First, you could try fuzzy matching with a full text index and see if it solves the issue.
An example would be:
Set up the index-
CALL db.index.fulltext.createNodeIndex('jobs', ['Job'], ['name'], {})
Query the index with fuzzy matching (note the ~
)
CALL db.index.fulltext.queryNodes('jobs', 'fynancial~')
If you want to go further and use Lucene's phonetic searches, then you could write a little Java code to register a custom analyzer.

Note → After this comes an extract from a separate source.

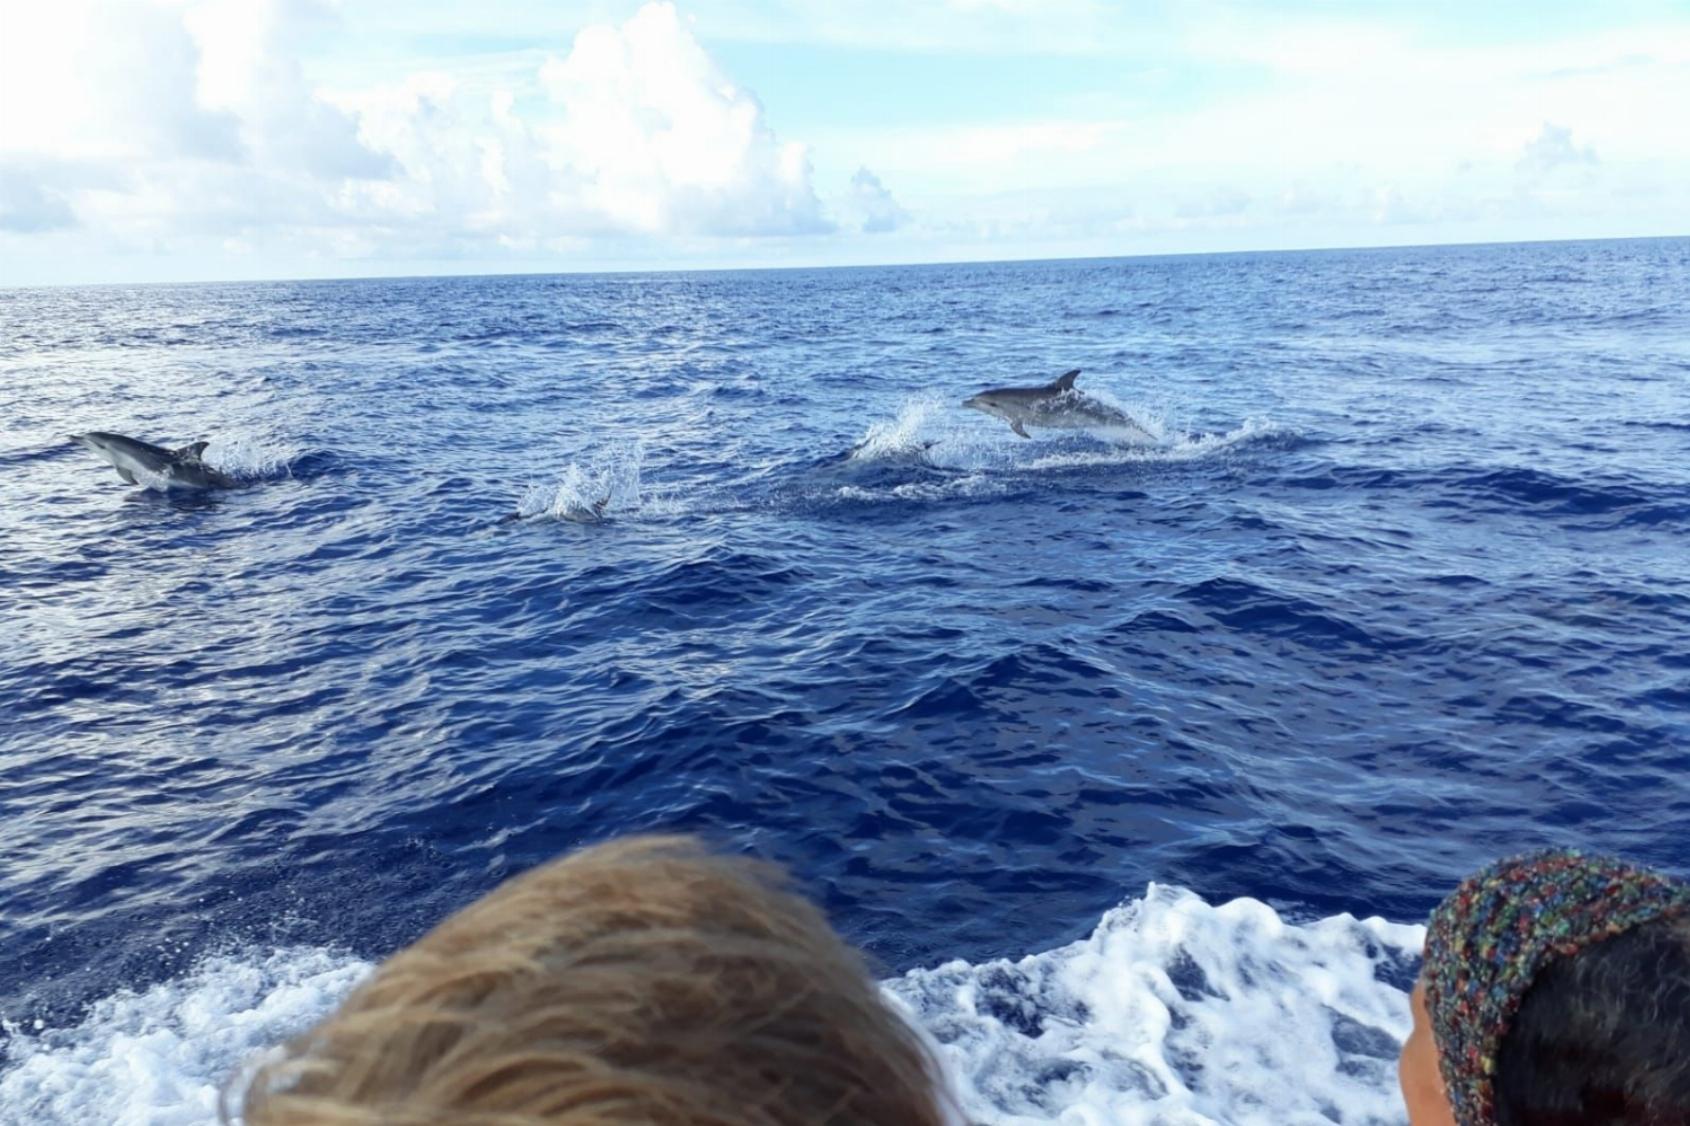 Dolfijnen – Mensen – Walvissen in verbinding en in jezelf

Include the lucene-analyzers-phonetic
dependency like so:
<dependency>
<groupId>org.apache.lucene</groupId>
<artifactId>lucene-analyzers-phonetic</artifactId>
<version>8.5.1</version>
</dependency>
Then create a custom analyzer:
@ServiceProvider
public class PhoneticAnalyzer extends AnalyzerProvider {
public PhoneticAnalyzer() {
super("phonetic");
}
@Override
public Analyzer createAnalyzer() {
return new Analyzer() {
@Override
protected TokenStreamComponents createComponents(String s) {
Tokenizer tokenizer = new StandardTokenizer();
TokenStream stream = new DoubleMetaphoneFilter(tokenizer, 6, true);
return new TokenStreamComponents(tokenizer, stream);
}
};
}
}
I used the DoubleMetaphoneFilter but you can experiment with others.
Package it as a jar, and put it into Neo4j's plugin directory along with the Lucene phonetic jar and restart the server.
Then, create a full text index using this analyzer:
CALL db.index.fulltext.createNodeIndex('jobs', ['Job'], ['name'], {analyzer:'phonetic'})
Querying the index looks the same:
CALL db.index.fulltext.queryNodes('jobs', 'fynancial')